Re-derived parameters are calculated using the same methods as were used in step b).

g) Check controlled parameters Min/Max

Using a format similar to that in step d), the nominal value of each controlled parameter is recalculated, as at least some will have changed from the original due to the application of the Test Tolerances in step f).
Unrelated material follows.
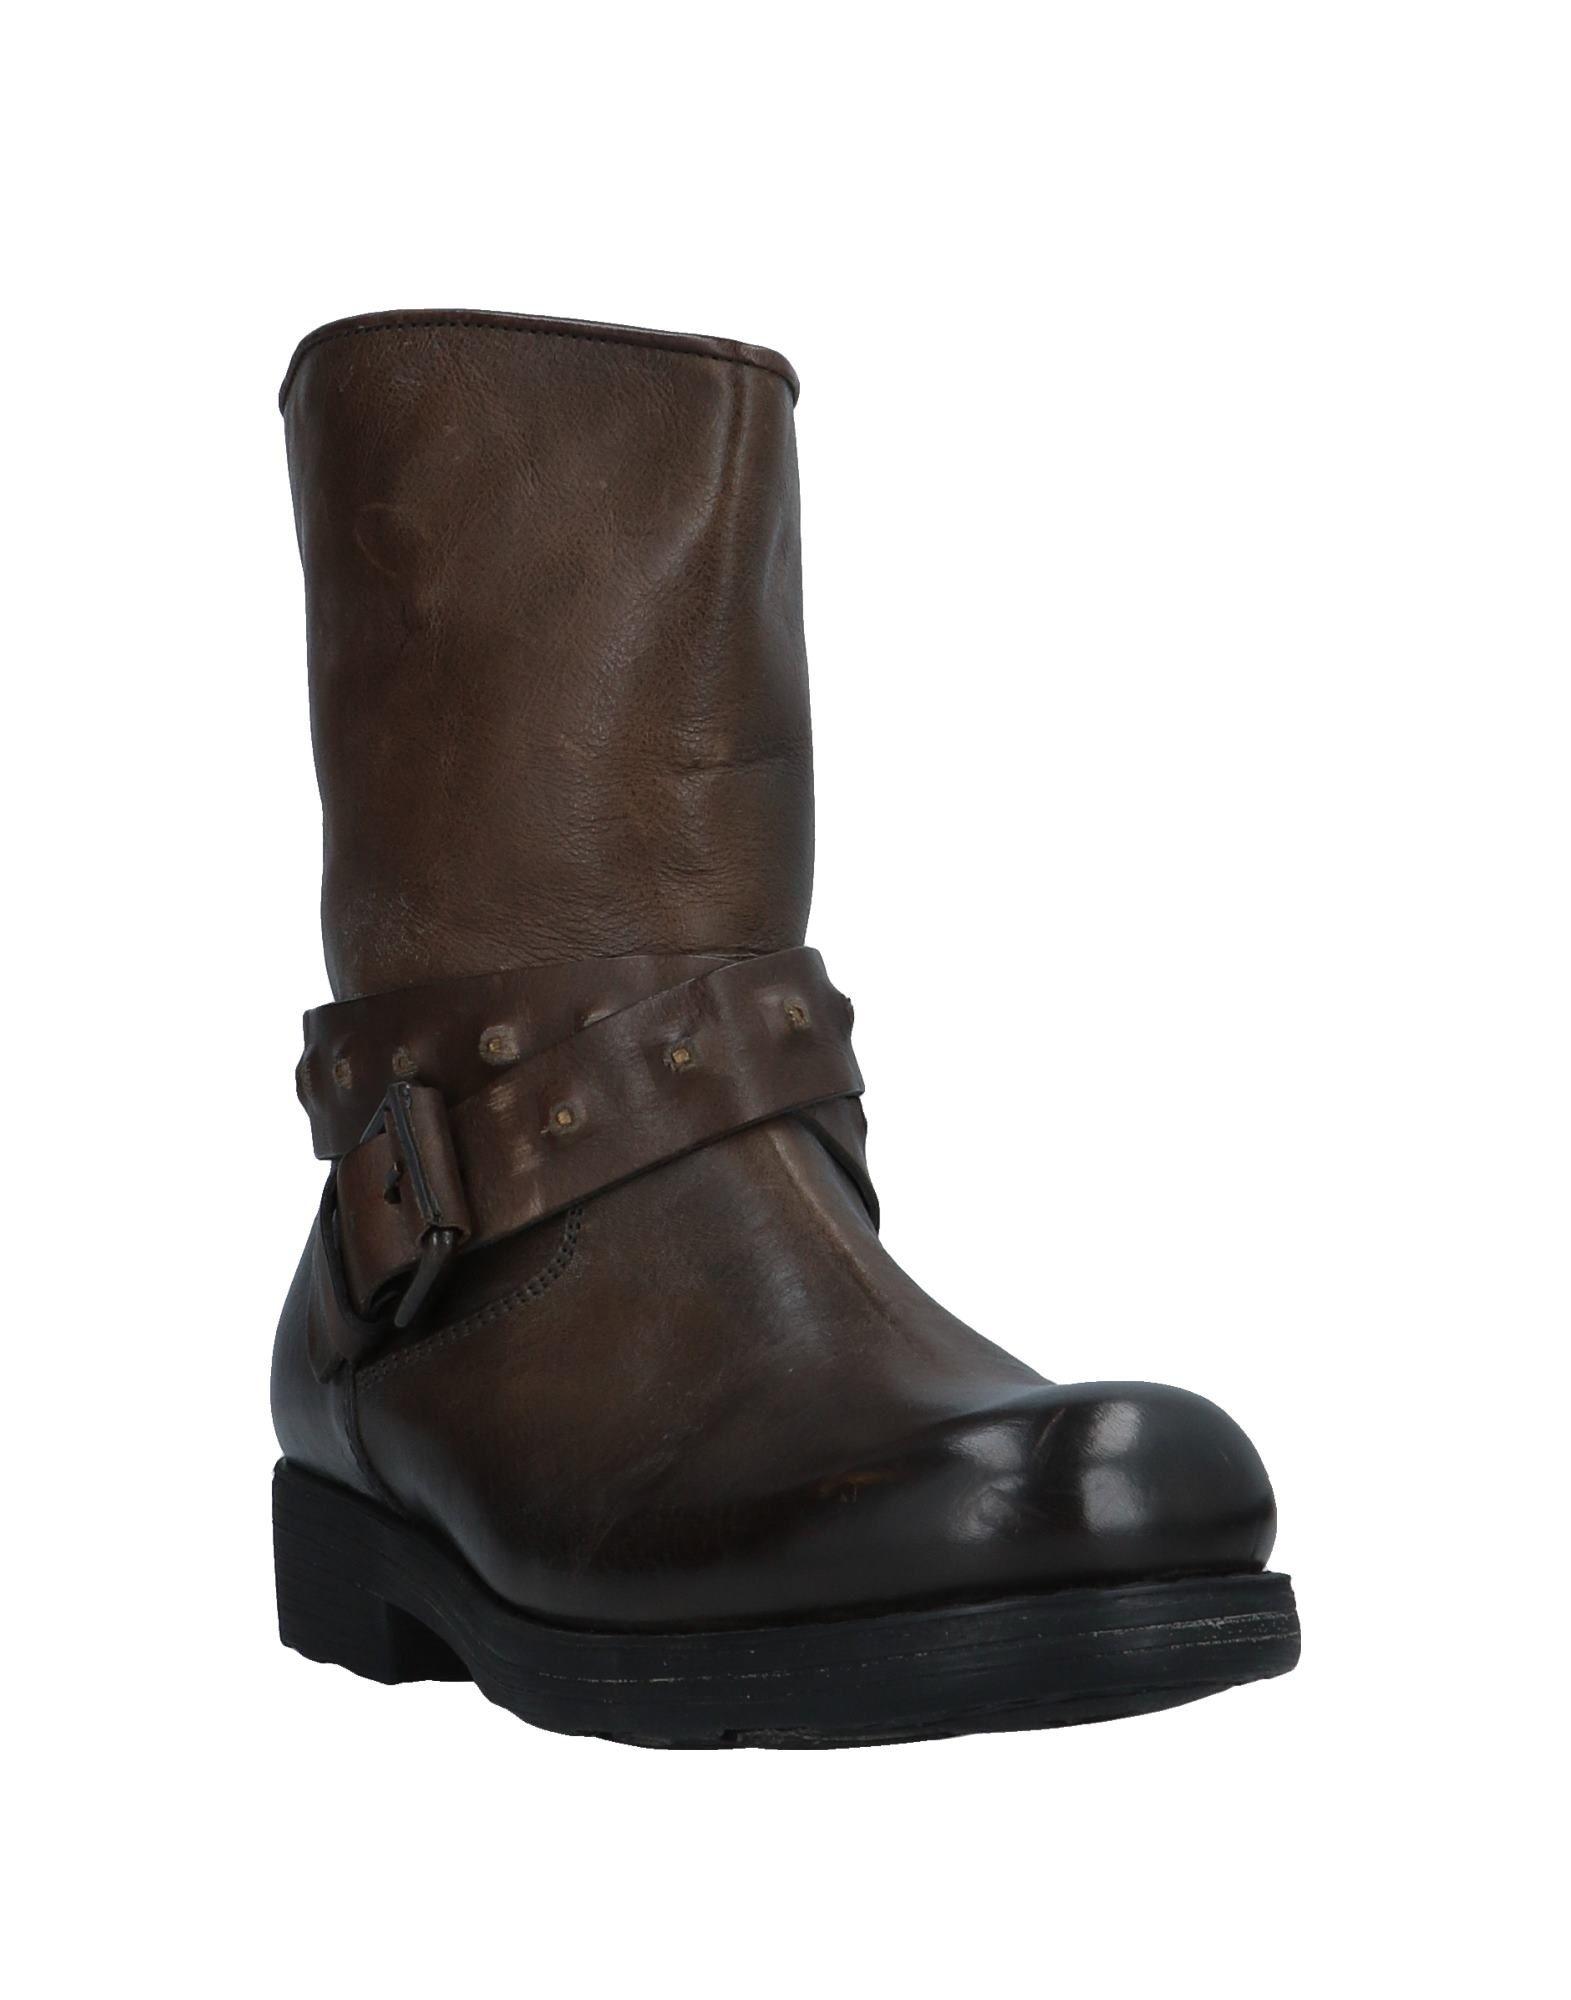 Stilvolle billige Schuhe O.X.S. Stiefelette Damen Damen Damen  11314764RG 715519

The minimum and maximum values, due to variability from uncertainties, of controlled parameters is then calculated and compared against the requirements (Required margin relative to threshold, E_s/I_ot range, RSRP level..). It is not necessary to calculate all parameters during each time interval T1, T2 and T3, so a selection is made of those critical to the test verdict. The critical requirement for each parameter is given briefly in the “Comment” column of section g) in the accompanying spreadsheet. The cases closest to limit (in these test cases, all limits are one-sided) are identified by turquoise cells in the spreadsheet. If all requirements are met, then the exercise is complete.

It can be seen that with the uncertainty values and Test Tolerances proposed, all the requirements are met.